To an American, and more particularly to a westerner, the Recreational Vehicle must be an almost invisible part of the mobile landscape, but a European can only stare as the hulking trucks, passing themselves off as miniature moving idylls, lumber gracelessly along the freeway. We don’t have sufficient wide roads to accommodate them, our cities are too close together, the gas they require is too expensive, we are not rich enough to buy them, we go abroad for our holidays, and, most of all although this is changing – we do not recreate. Recreating is an all-American invention. Americans are compelled to possess their leisure as they are compelled to possess most anything, and to be fully the owner of their leisure, they must accumulate experience. This is why the American recreator will happily schedule in a dozen European capitals in a week, but still won’t hang around in the Sistine Chapel if the paper in the toilets runs out. For the American recreator it is the quantity of experience that matters, not its quality.

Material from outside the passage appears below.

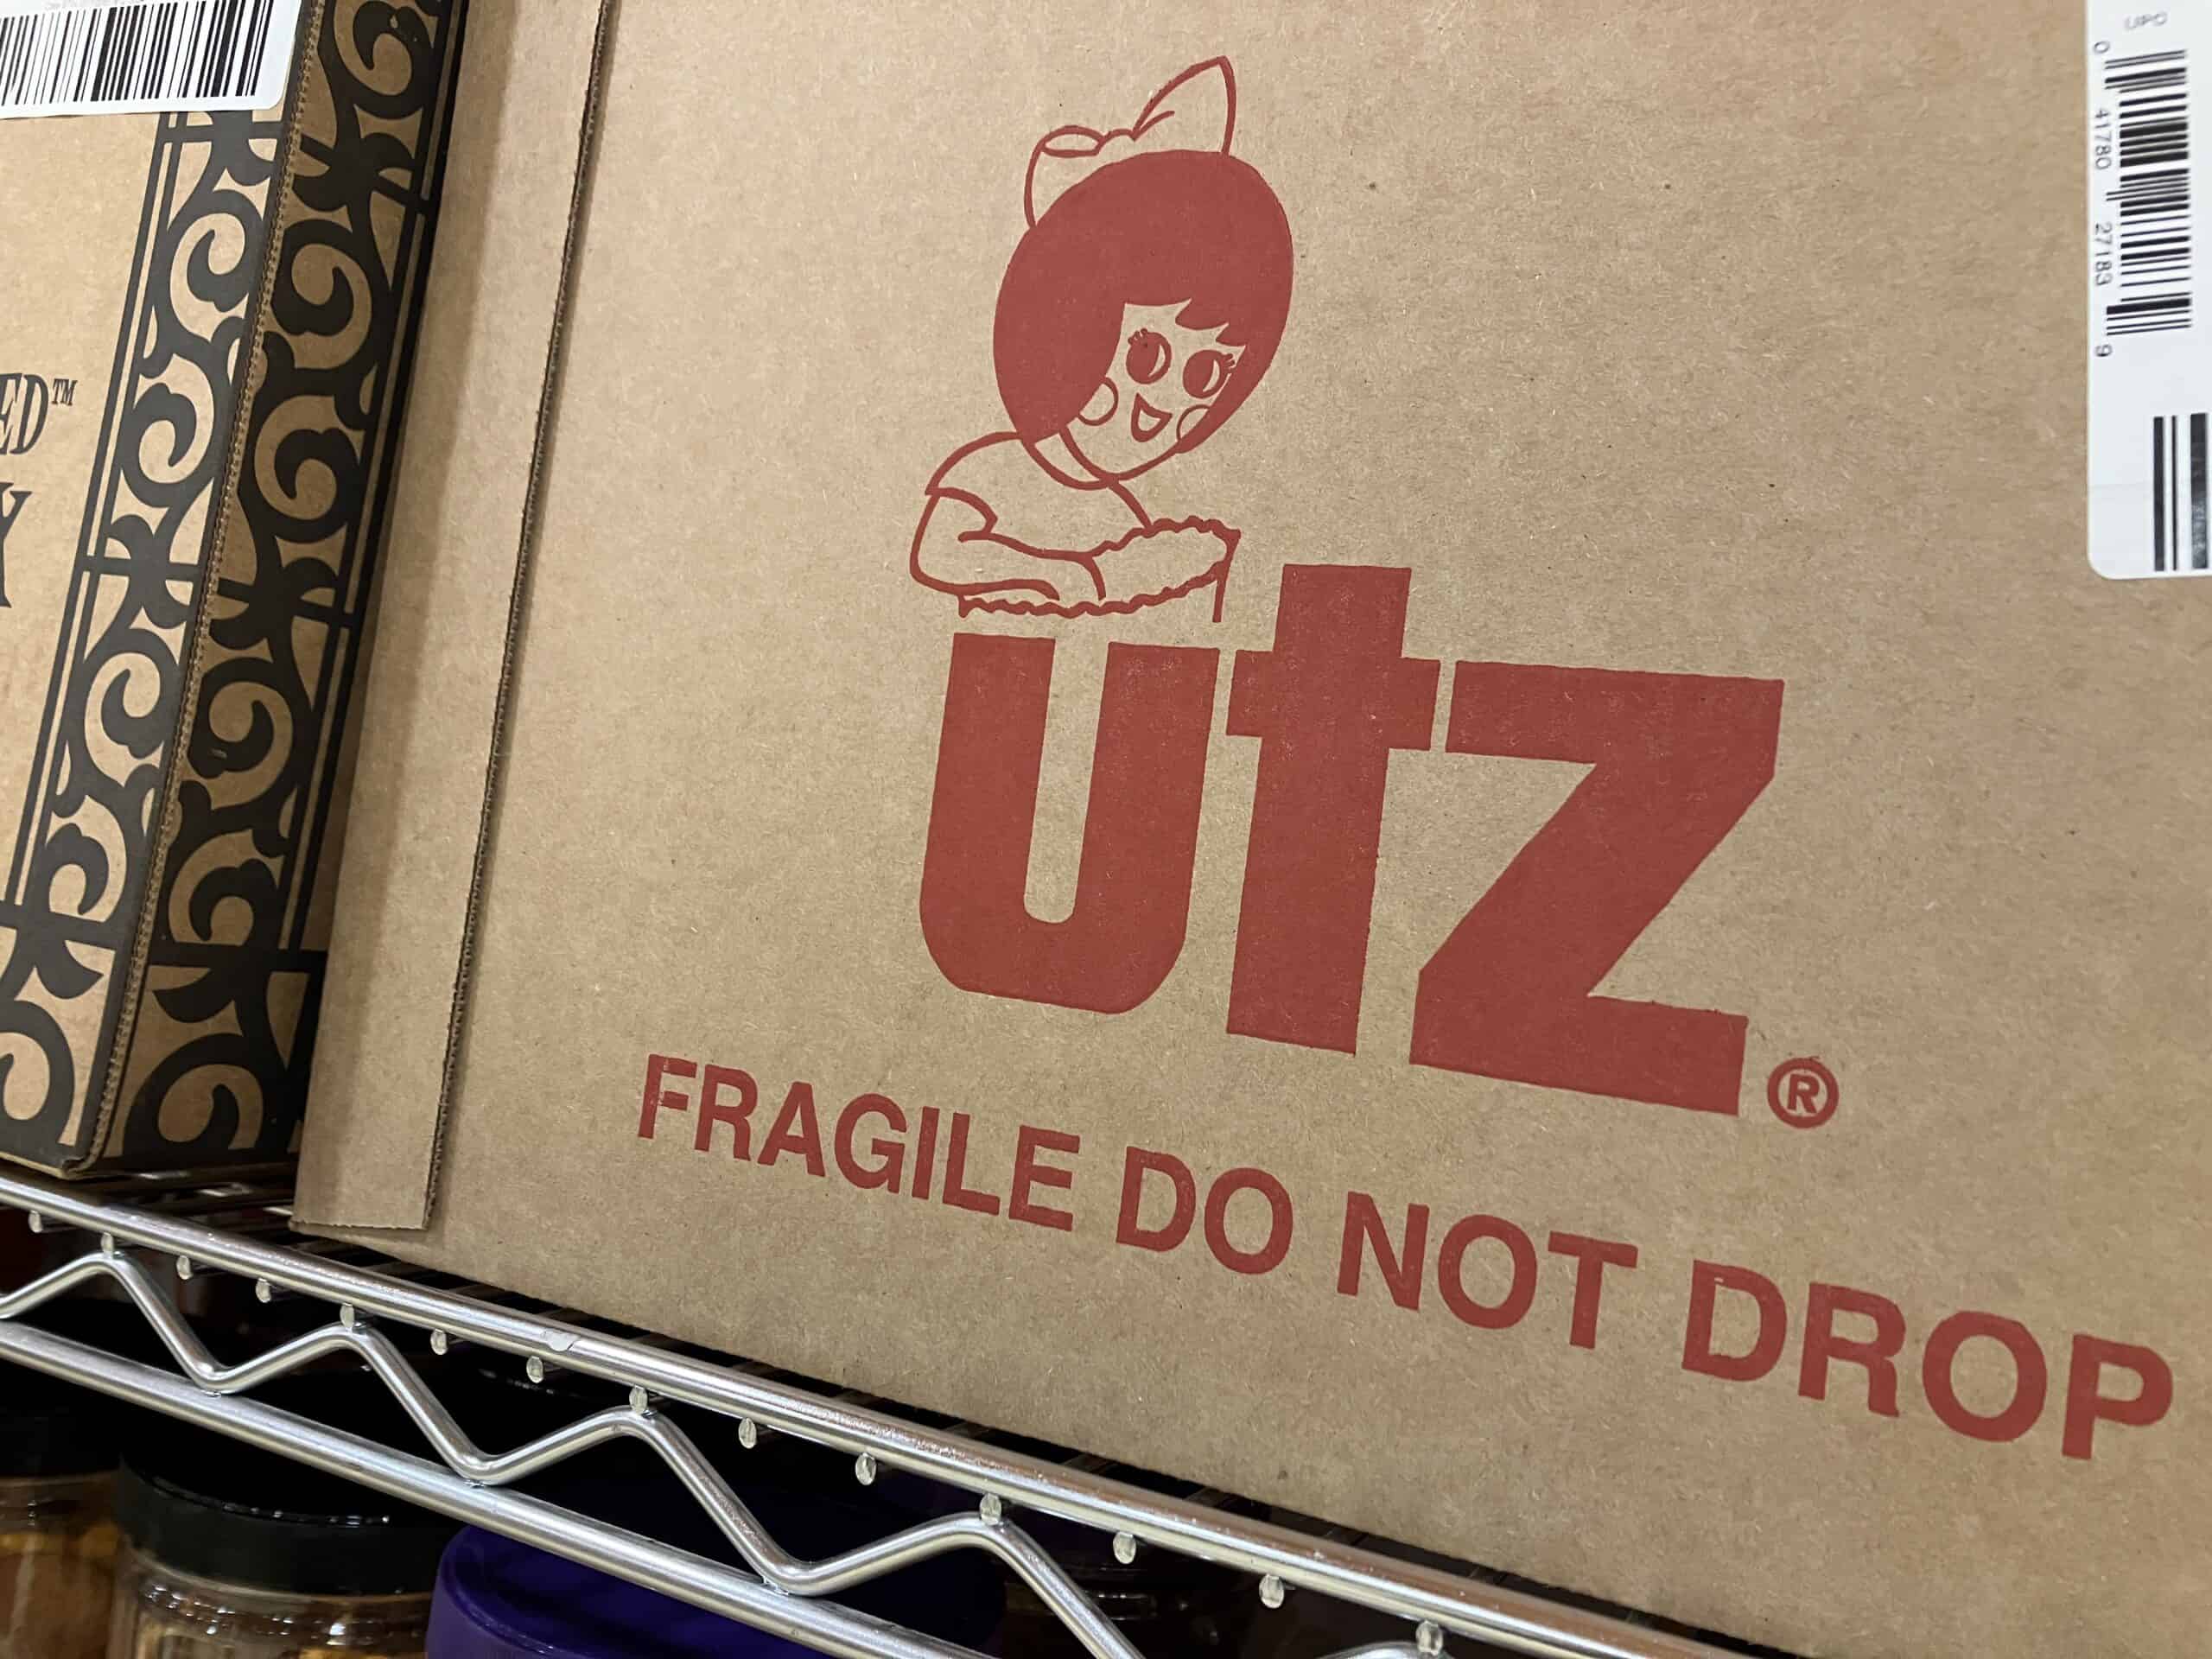 Box of Utz pretzels
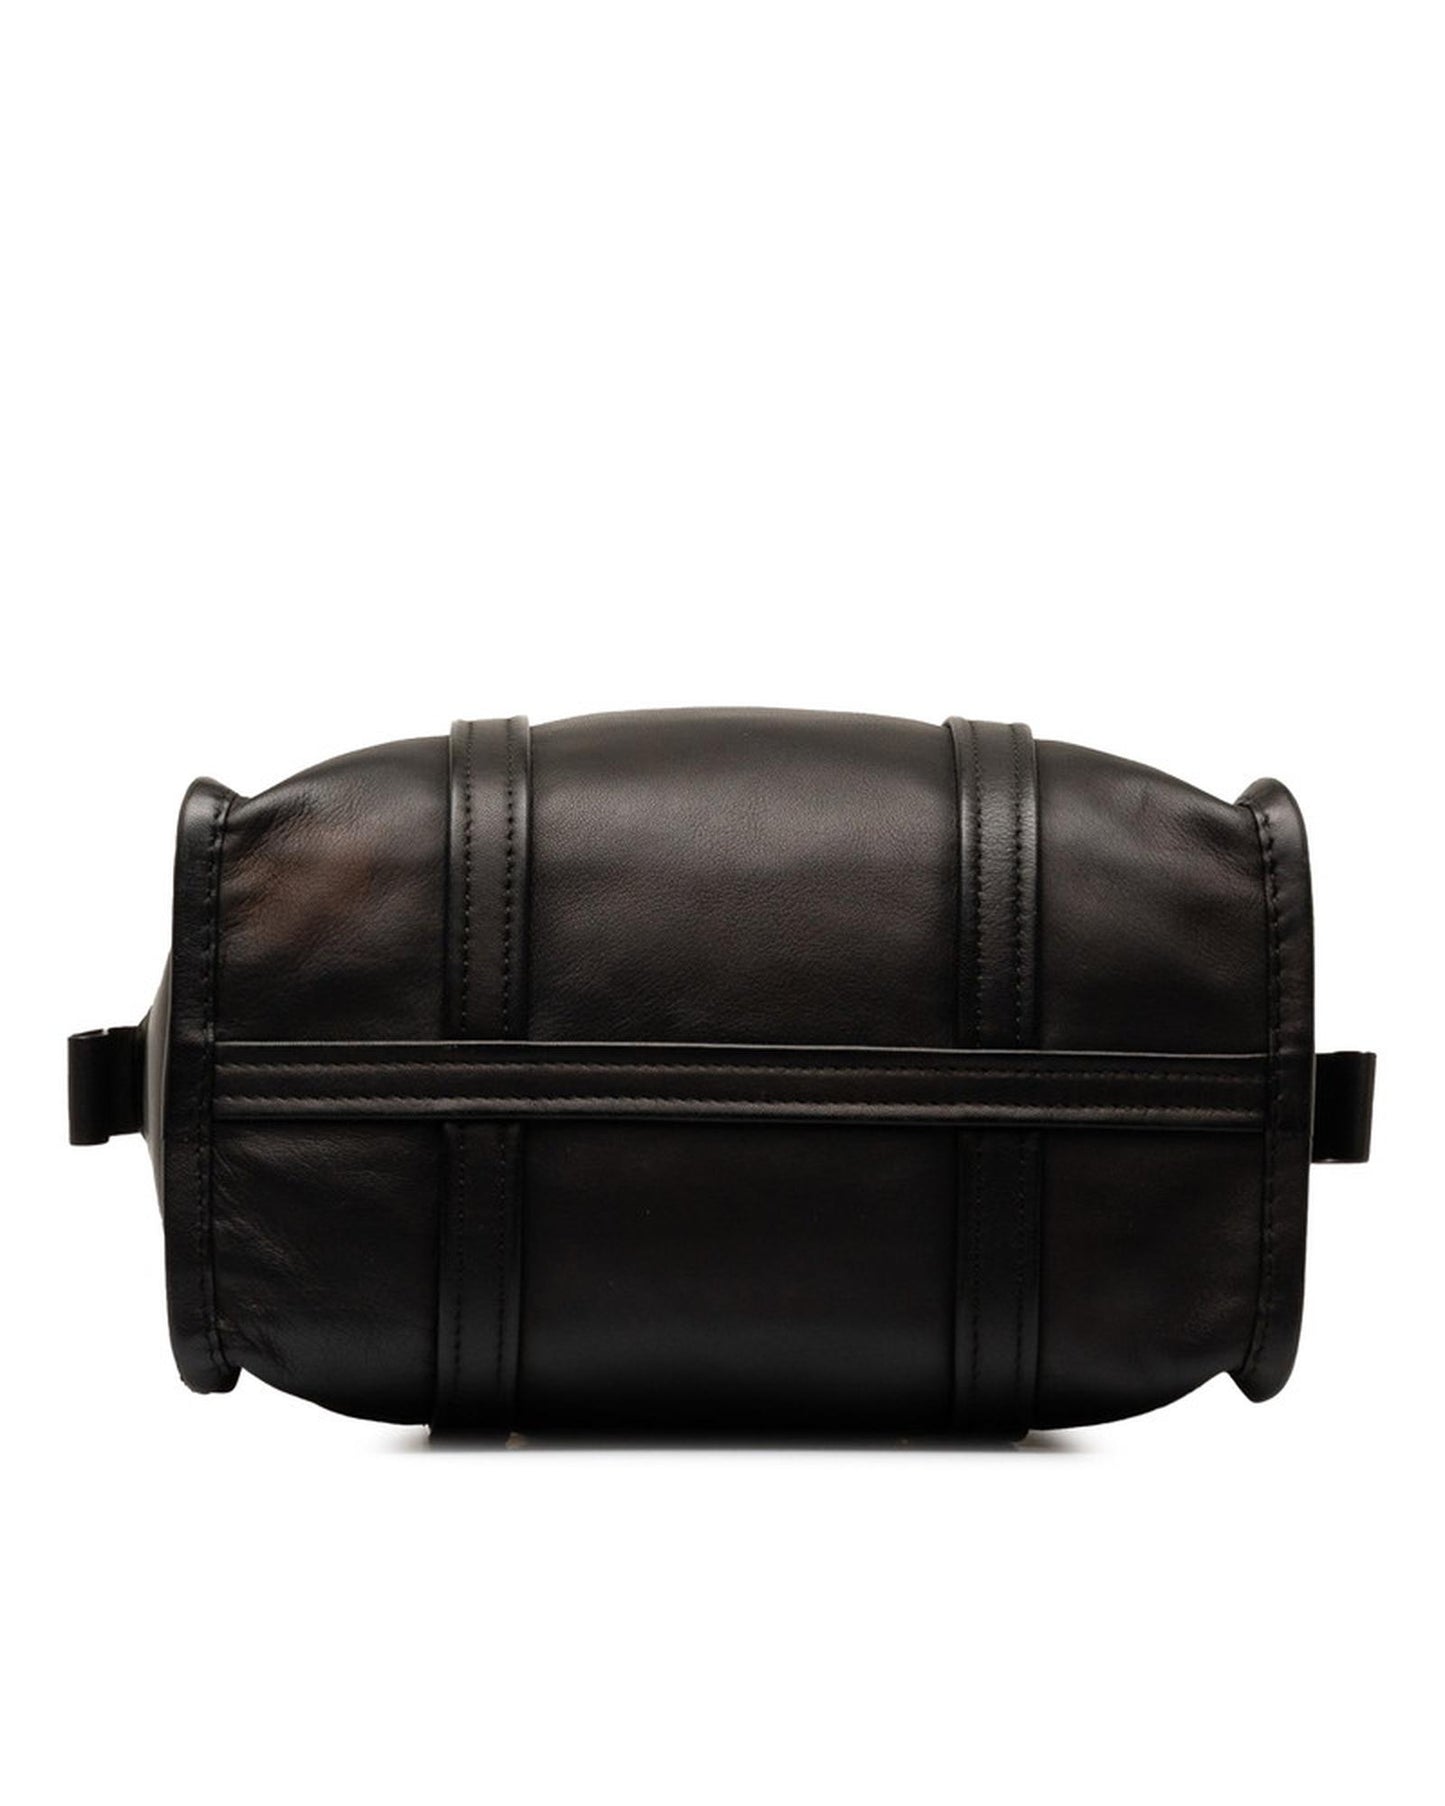 Balenciaga Women's Black Leather Shopper Tote Bag - Excellent Condition in Black

After two hours on the road I pull into a rest area, find a spot under a mesquite tree and doze a while with the air conditioning high. I wake up to a woman knocking on the window for two quarters to put in the soda machine. Quite a crowd has gathered in the parking lot, a line of RVs competes for space directly in front of the restrooms, map and vending machines. The woman returns, wanting to introduce me to her dogs. Jeez, dog-lovers.
‘You know,’ she says, ‘this place is full of Mexicans and Indians. Mexicans and Indians. Folks like us are outnumbered. At least it feels that way.’ We finish the soda in the ‘65 Scottie trailer she bought six months ago with the redundancy payoff from a marketing job in Pennsylvania. ‘Came out here, followed the myth,’ she says, ‘and I liked it.’ She doesn’t know how much longer it will be before she settles down somewhere and builds another life.
‘This dog here’s too old to be on the road,’ she says, ‘he needs a place where he can feel comfortable enough to go ahead and die.’
Pinned up in the Scottie is a portrait of Ross Perot taken during his presidential campaign, still looking like a VE-Day vet after all these years.